Банкир махнул рукой и замолчал. Он хорошо понимал, что Бирон в России не популярен и популярности ему в ближайшее время не достичь, даже если он все свои средства раздаст нищим. И здесь можно было всего лишь найти того, кого стали бы ненавидеть больше герцога. На эту роль подходил принц Антон Брауншвейгский. Да сей молодой принц – ничтожество. Но кто кроме него? Остерман слишком хитер. Такого просто так не подставишь. Миних – фельдмаршал и военный. Его не сделаешь «козлом отпущения», как говорят эти русские. Рейнгольд Левенвольде – не слишком большая фигура. С Бироном его не сравнить.
Если бы немецкая партия при дворе была едина и сплочена! Тогда можно было бы перейти к более решительным действиям. Но Остерман и Миних враги Бирону. Только и думают, как сожрать один другого. Дураки! А еще называют себя умными и просвещенными немцами.
Принцесса Анна Леопольдовна дура набитая. Требует вызвать в Петербург своего любовника графа Линара. Большей ей ничего не надобно. Она слишком ленива дабы править государством. Ей было лень даже причесаться по утрам и одеться. Служанок с юбками, платьями и чулками она гнала прочь и требовала вина и закусок разных, которые поглощала совместно со своей подругой. Она иногда до вечера шаталась по своим покоям в халате.

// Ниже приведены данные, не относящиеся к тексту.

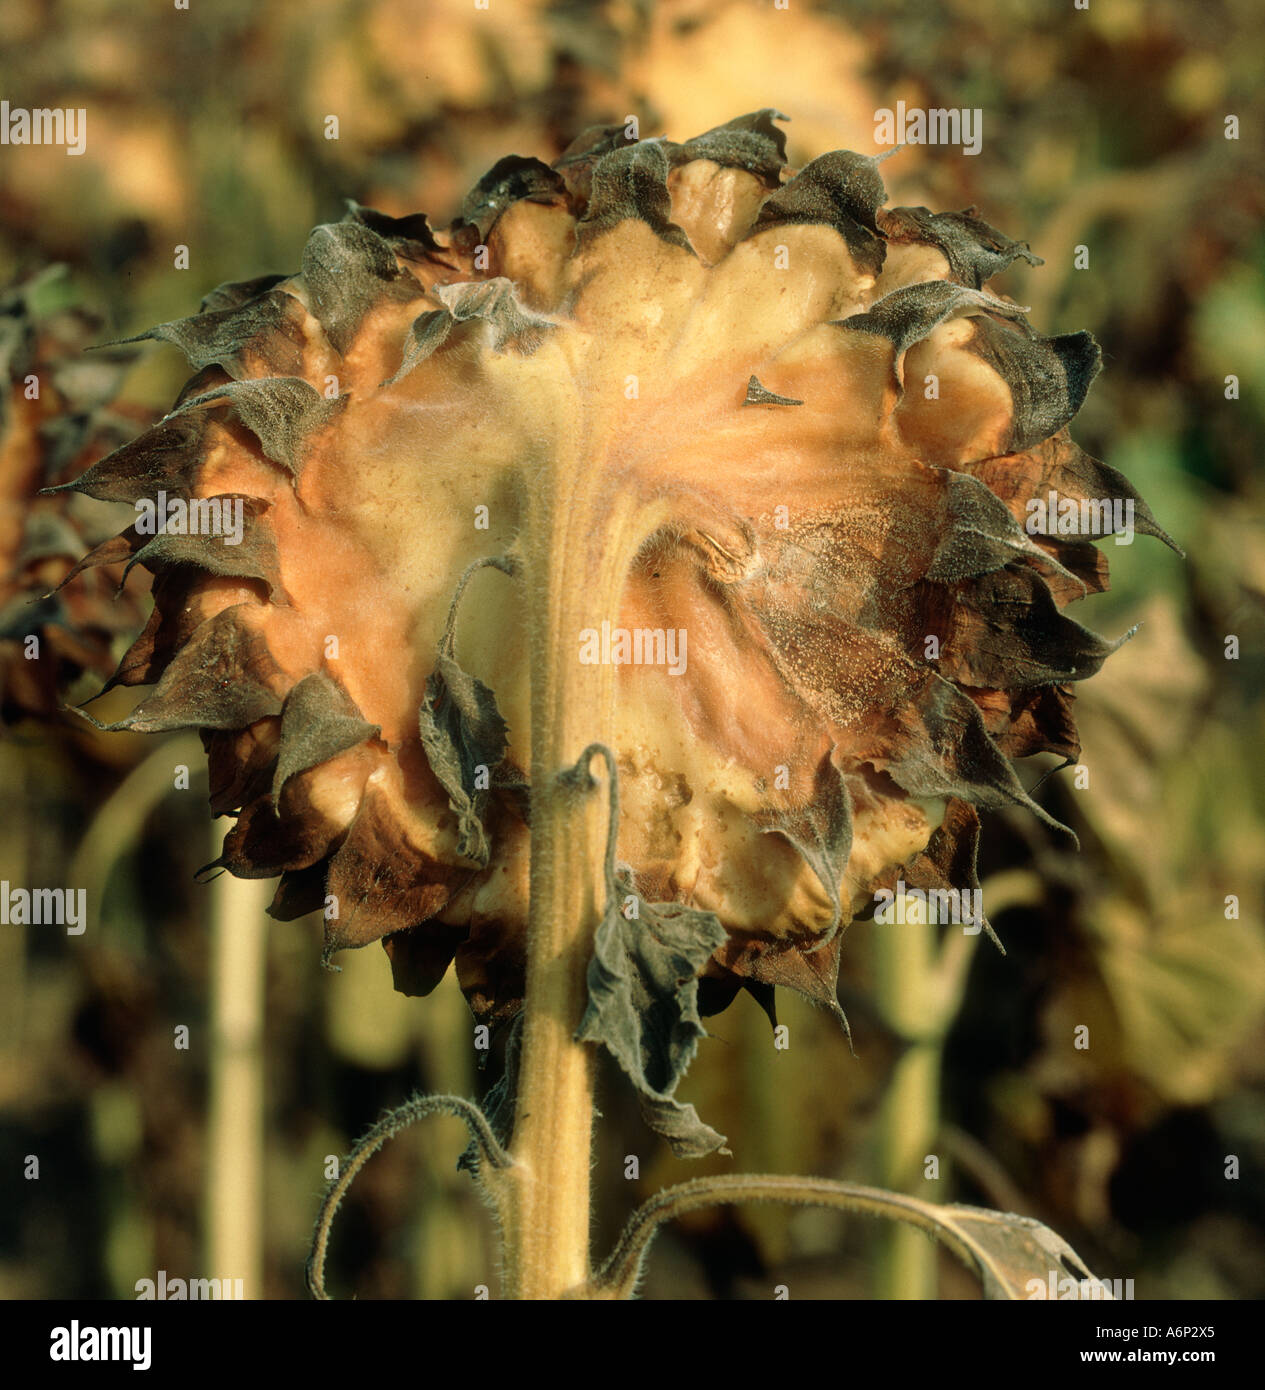 El moho gris Botrytis cinerea filigrana y micelio sobre girasol seedhead Foto de stock
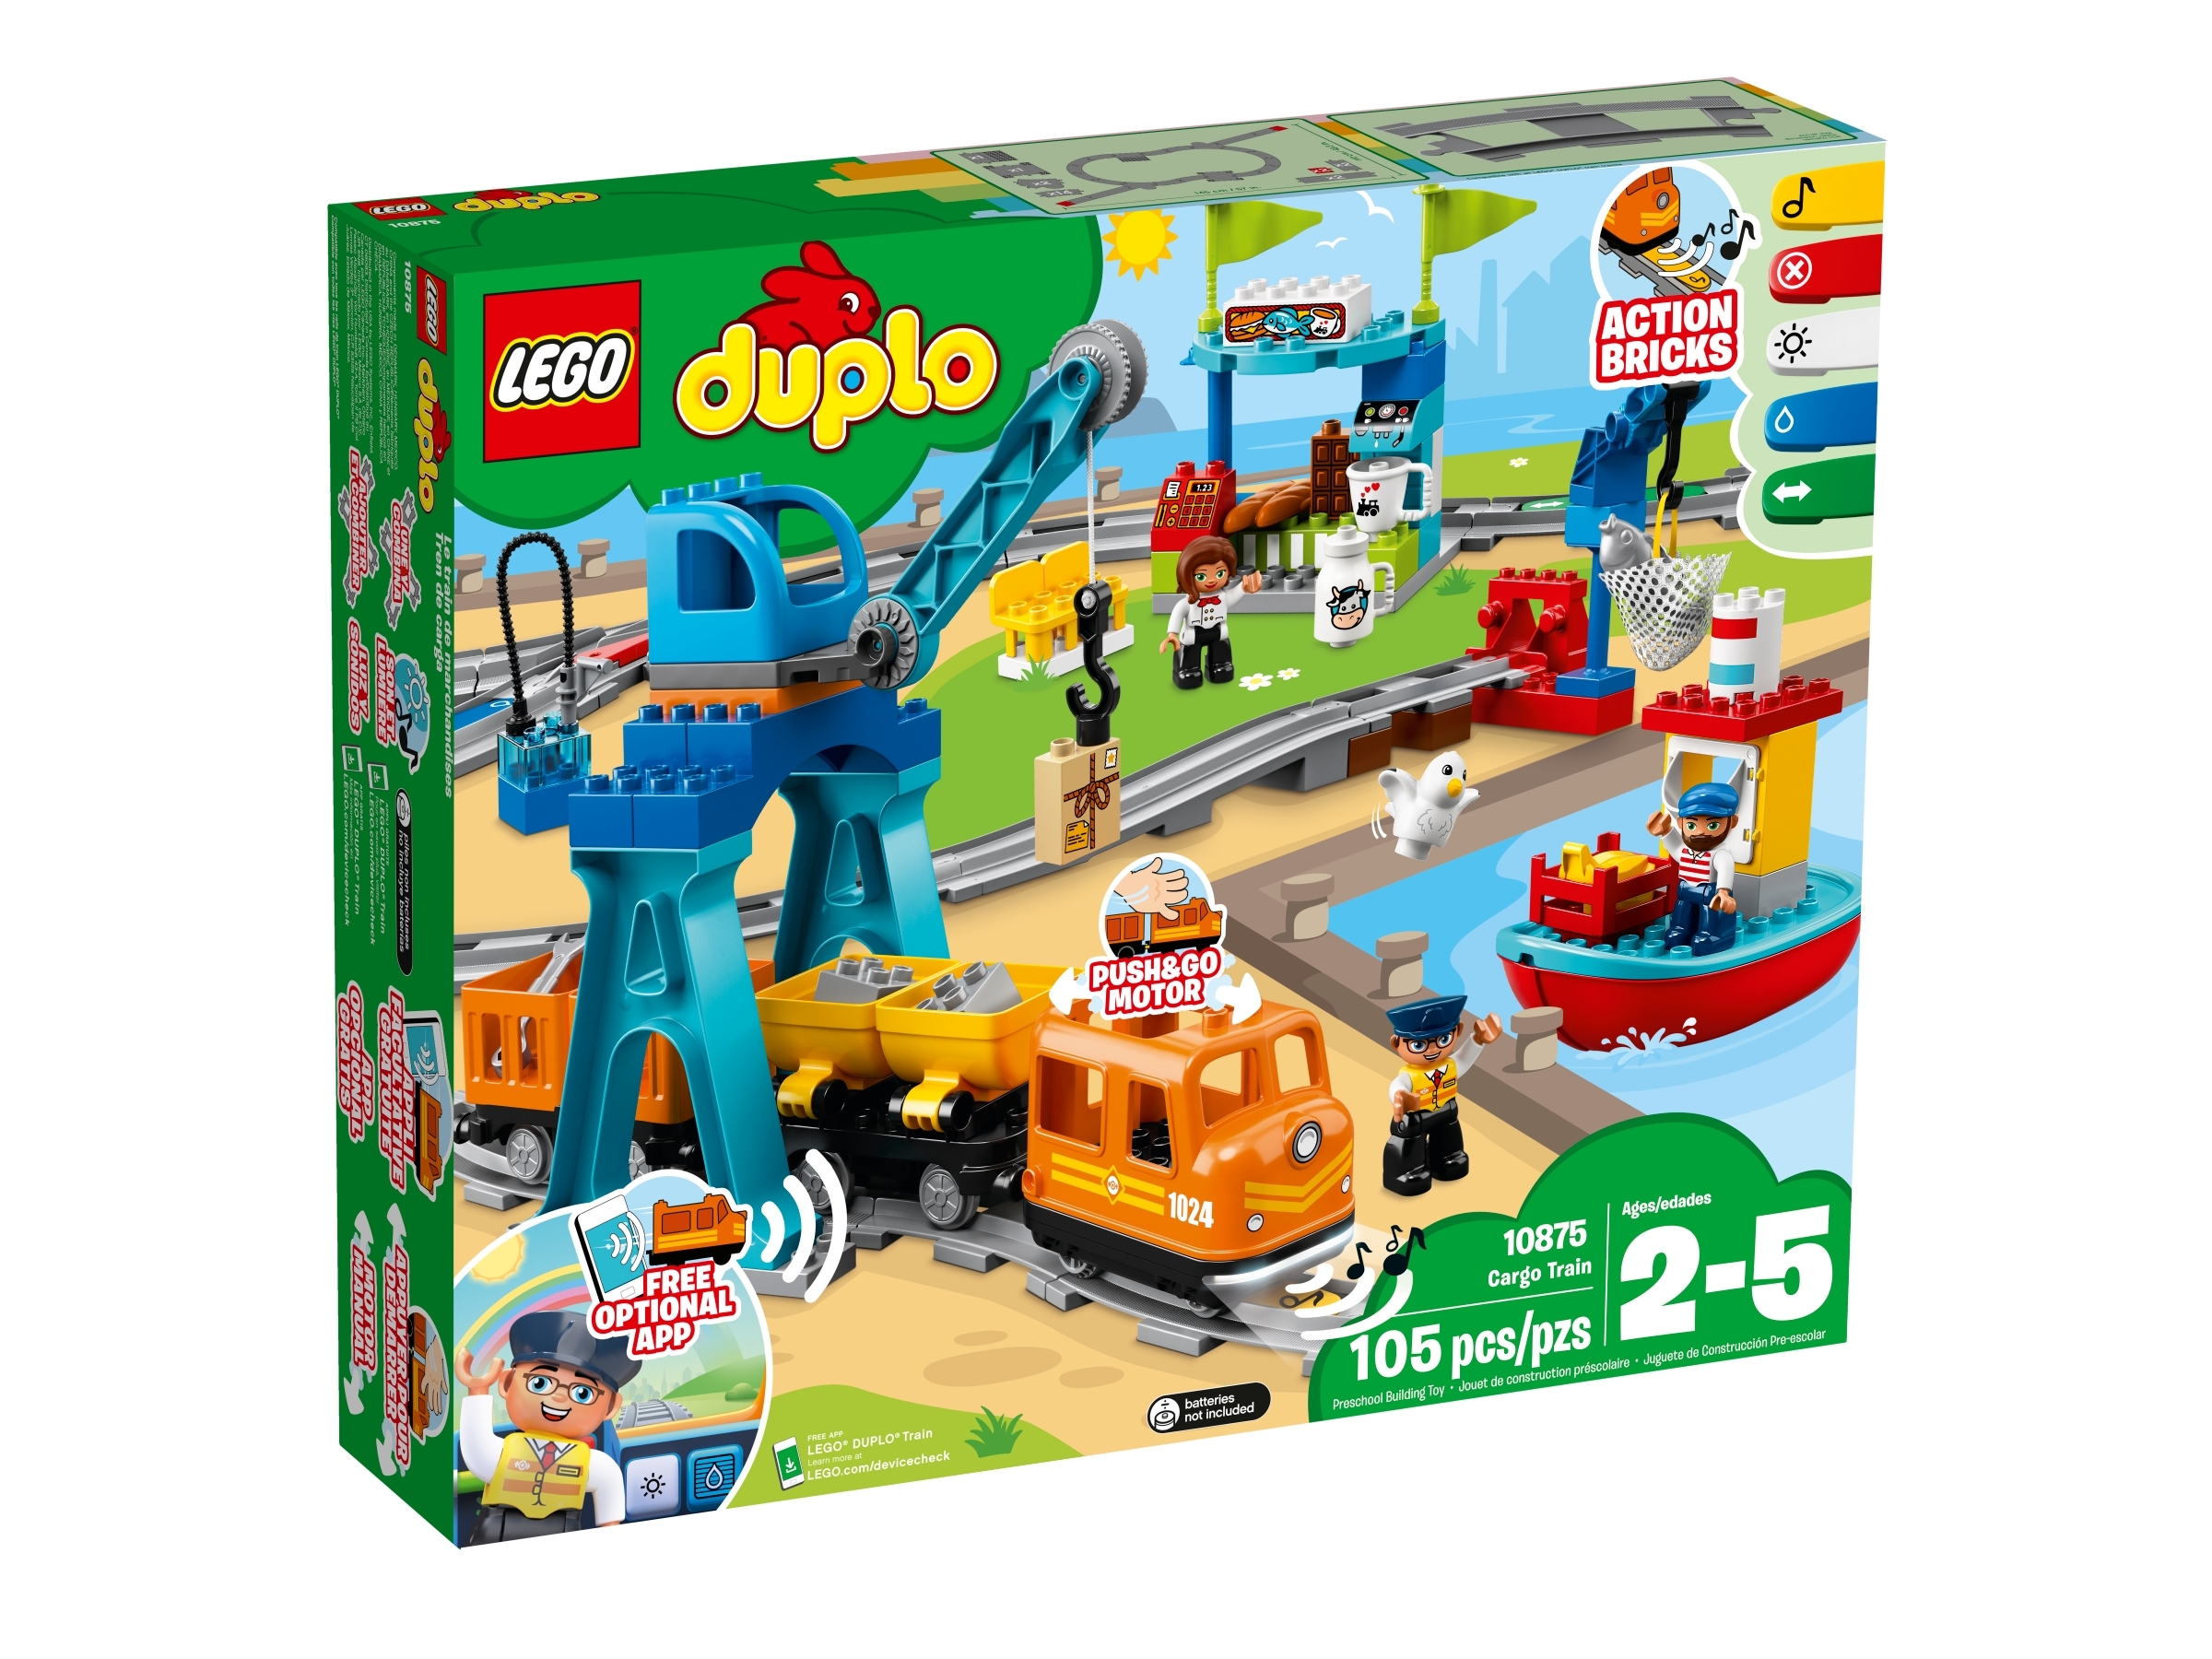 duplo lego sets for boys

Покойная императрица была права. Она предвидела все это. Либман тяжело вздохнул.
–Вам стоит продолжать делать то, что вы делали, господа, – сказал банкир Кульковскому и Мире.
–Но я бы хотел заняться …, – начал Мира.
–Нет, Пьетро, – прервал его Либман. – Пока ты станешь делать то, что я говорю. А ты, Кульковский, говорят, продал свой дом в Петербурге?
–Да, – согласился Кульковский. – Может быть, скоро придет такое время, когда мне лучше быть подалее от Петербурга. Ведь все шуты нашей кувыр коллегии разбегаются. Вчера уехали Квасник с Бужениновой. И как уехали. С шиком. В собственной карете с гербами. В паспортах у них имена князя и княгини Голицыных. В Москву поехали. Говорят Буженинова даже имение присмотрела в Подмосковье. Станут жить барами. Балакирев также уехал. Юшкова в Москву подалась. И также в собственной карете и со слугами. Богатая барыня.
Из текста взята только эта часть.